------ Exercise inputs ------
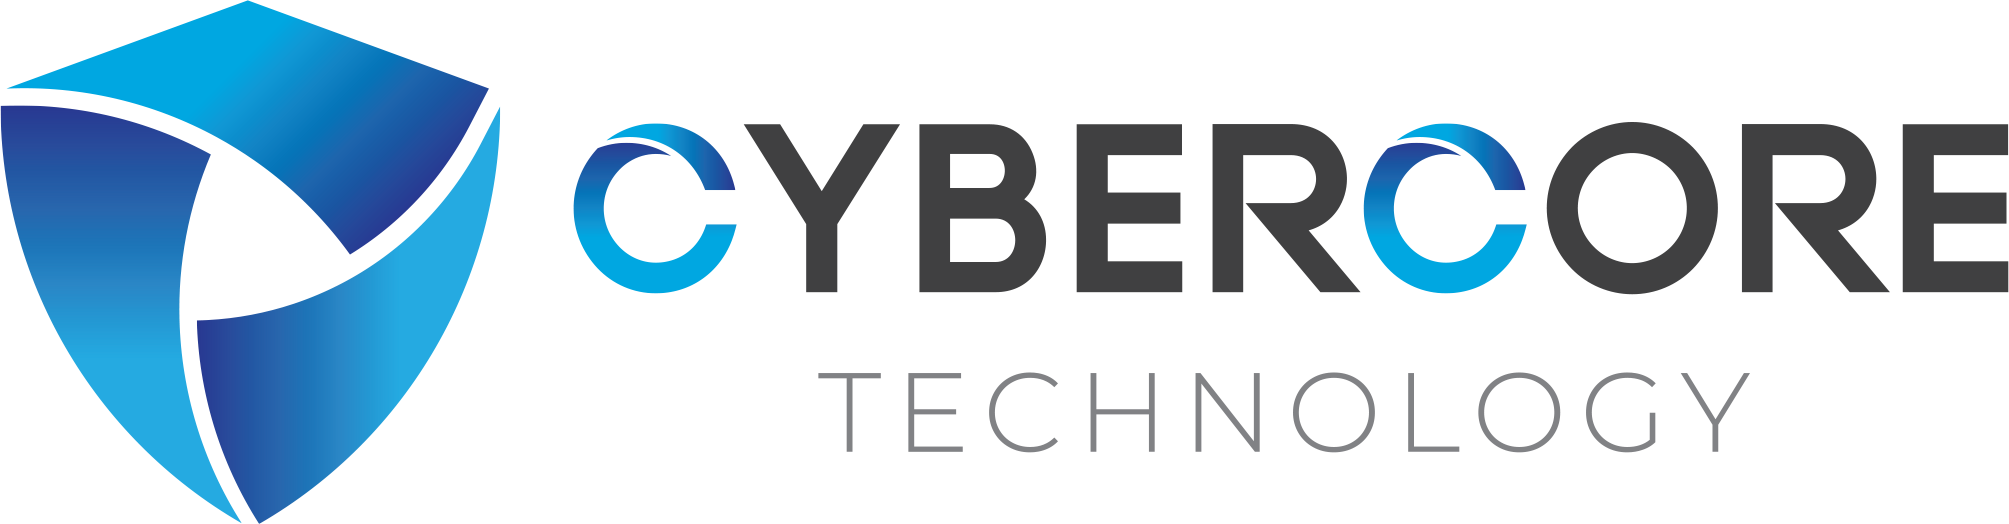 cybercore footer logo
------
------ Exercise inputs ------
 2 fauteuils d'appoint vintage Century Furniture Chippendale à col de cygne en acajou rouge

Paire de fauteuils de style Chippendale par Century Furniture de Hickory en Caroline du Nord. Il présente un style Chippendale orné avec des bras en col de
------
#### Task prompt:
Filter the records above for the string "Chippendale" and copy each matching line.

#### Written answer:
 2 fauteuils d'appoint vintage Century Furniture Chippendale à col de cygne en acajou rouge
Paire de fauteuils de style Chippendale par Century Furniture de Hickory en Caroline du Nord. Il présente un style Chippendale orné avec des bras en col de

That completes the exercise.